Profilin is a small globular actin-binding protein capable of binding actin monomers with micromolar affinity at a stoichiometry of 1:1. Depending on conditions and molar ratios of actin to profilin, profilin can act to enhance or inhibit actin polymerization. It plays a crucial role in cell motility, signaling, and cytoskeletal organization across eukaryotic organisms.

The human profilin1 protein has been produced in a bacterial expression system.

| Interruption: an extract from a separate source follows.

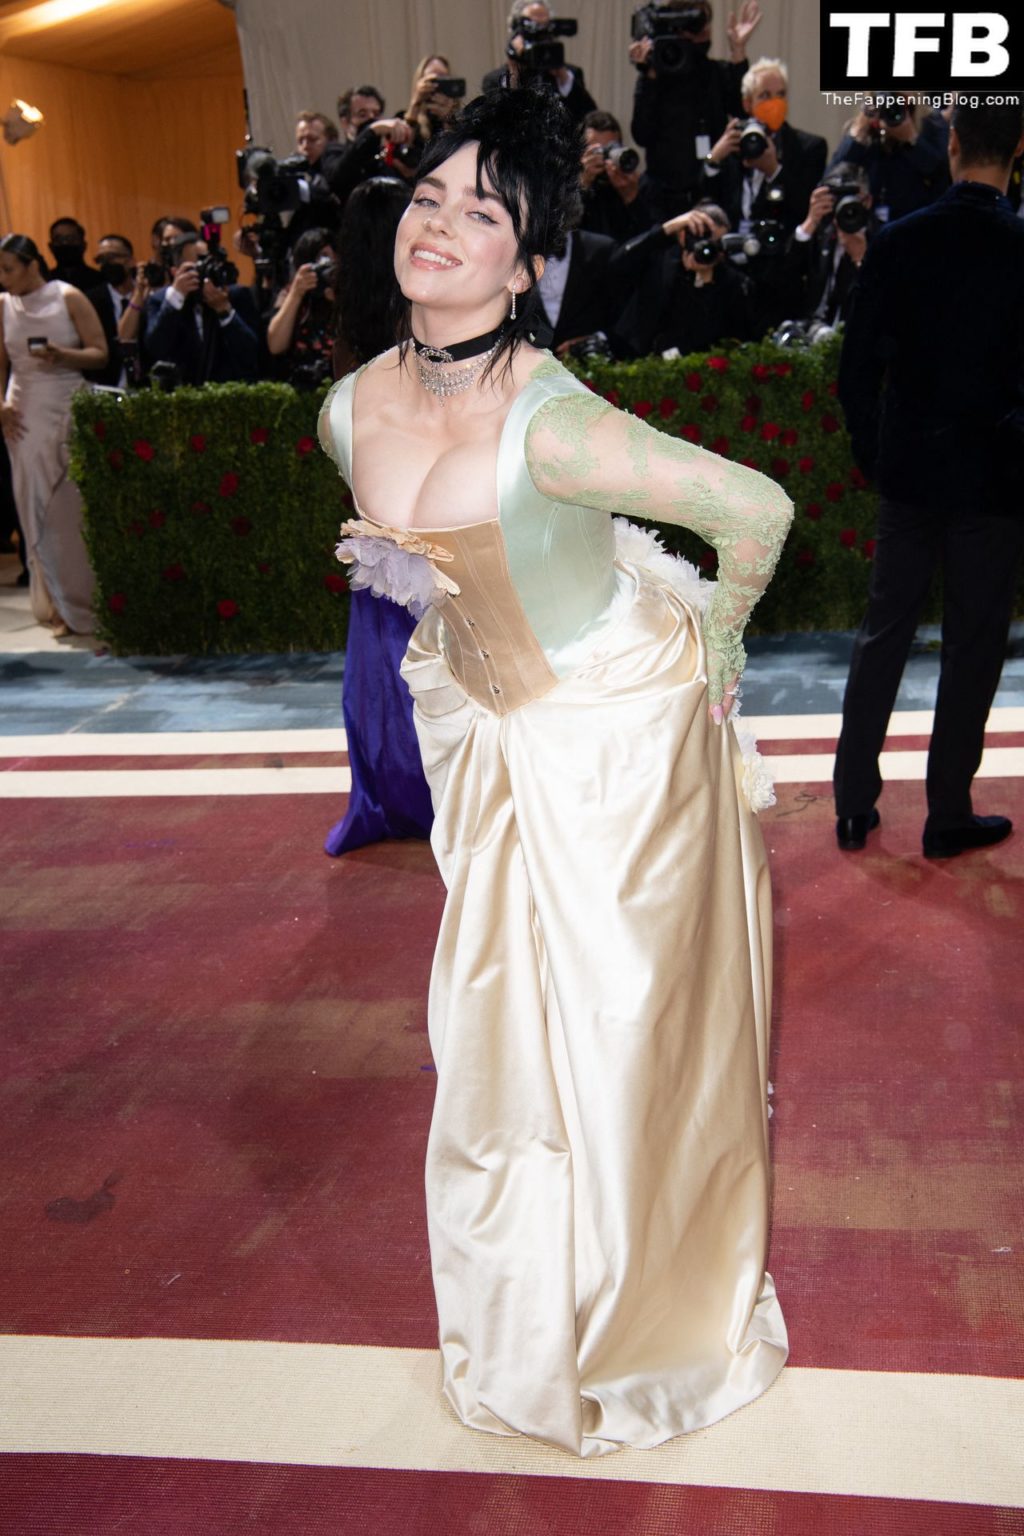 Billie Eilish Sexy The Fappening Blog 25 1024x1536 - Billie Eilish Showcases Nice Cleavage at The 2022 Met Gala in NYC (155 Photos)

• Purification tag: this protein does not have a recombinant tag
• Molecular weight: ~15 kDa
• Composition: when resuspended to 1 mg/ml, the buffer composition is 10 mM Tris pH 8.0, 1mM EDTA, 1mM DTT, 5% (w/v) sucrose, and 1% (w/v) dextran
• Supplied as a white lyophilized powder

Protein purity is determined by scanning densitometry of Coomassie Blue-stained protein on a 4-20% polyacrylamide gel. Purity is ≥95%

The biological activity of profilin is determined by its ability to inhibit actin polymerization. G-actin is incubated with and without profilin before the addition of actin polymerization buffer. F-actin is separated from G-actin by centrifugation, and the proportion of actin in the supernatant (G-actin) versus the pellet (F-actin) is compared to a control reaction without profilin. Under the assay conditions (see datasheet for details), profilin (15 µg) inhibits actin (10 µg) polymerization by ≥60%. Quality control ensures these binding/severing patterns are consistently observed by SDS-PAGE analysis.